Vikings lawsuits summary

Web_MinnesotaVikingsBY DAVID TILSEN

For those who are confused, here is a quick summary of the various lawsuits to stop the stadium.
In the Cohen, Woodruff, Ostrow lawsuit, they contended (correctly) that the stadium legislation requires the Vikings to pay for the parking ramp, and the city should not be selling bonds to pay for it. The city has violated both the stadium legislation and the city charter. The court could have ruled on this by simply reading the stadium legislation and agreeing or disagreeing with the plaintiffs’ interpretation. Instead, the court said that they wanted a $10 million bond before they would rule.
In the Mann lawsuit, Doug asked the appellate court to issue a writ of mandamus to order Judge Bush to issue a writ of mandamus to tell the City Council to follow the law. The issue here was a simple constitutional issue, “Can a local charter be overridden by a special law, and can this override be ‘inferred’ when it is not done explicitly?” Here again, the court decided not to rule on the issue, but to tell a non-lawyer pro-se petitioner that they had appealed it with the wrong kind of motion.
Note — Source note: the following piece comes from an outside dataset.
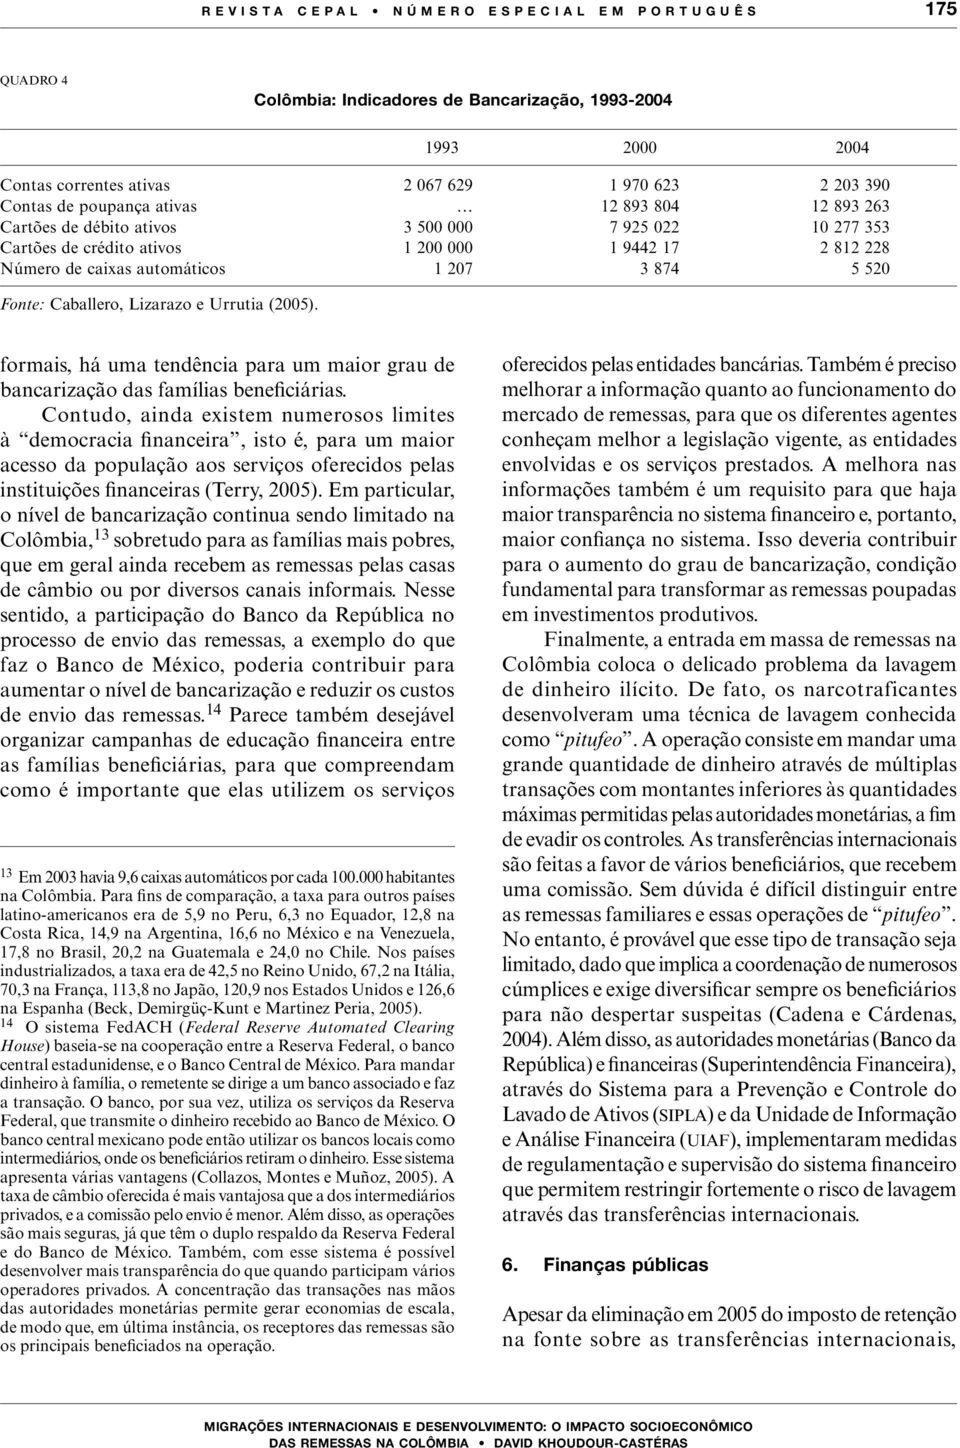 Lizarazo e Urrutia (2005). formais, há uma tendência para um maior grau de bancarização das famílias beneficiárias.

In the Mann + Tilsen suit before the Minnesota Supreme Court, again the issue was a simple constitutional one: “Can the City of Minneapolis use its tax dollars to pay bonds sold by the state?” Again, the state did not rule on the issue, although it was clear. They ruled that they did not have jurisdiction, a ruling that is contradicted by other cases.
I would love to believe that we live in a society governed by the rule of law. That elected officials, their appointed attorneys and administrative and policy-making staff and the judicial officials care about the law and follow it. I would much prefer to believe that powerful people and the extremely wealthy cannot and do not fleece the public for their profit, ego, entertainment and careers.
But, at least in this instance, our government has failed us; there is no doubt in my mind. This whole thing stinks. The state government has excrement all over itself.
So what can we do?
Minneapolis will be paying these bonds for 30 years. In every legislative session, starting this year, we must ask our legislators to make this right. Minneapolis taxpayers should not have this burden. The FLA’s platform for this year includes an 8% excise tax on Vikings tickets to help pay for the $150 million construction costs plus the $7.5 million a year for maintenance and police protection for which we have no revenue stream. The total cost to Minneapolis taxpayers over 30 years will probably be in excess of $890 million.
The Metropolitan Sports Facility Authority (MSFA or Stadium Authority) is the body that will spend our tax dollars to build the stadium and maintain it. The City Council and the State Legislature must manage this Authority. The Authority has not gotten off to a stellar beginning. The Authority started spending money before it had secured the financing. When this embarrassing fact was revealed, instead of punishing management for this poor decision, the chair was given a $25,000 raise, making her salary over $125,000 a year.
Our City Council and our State Legislature have a responsibility to ask the Authority why it has made these decisions, and they must make those answers available to the taxpayers. I would also urge them to continue to monitor the Authority. There is always the danger that the slimy business practices of the New Jersey racketeer (as defined by a New Jersey judge) who owns the Vikings will rub off on us, his partners.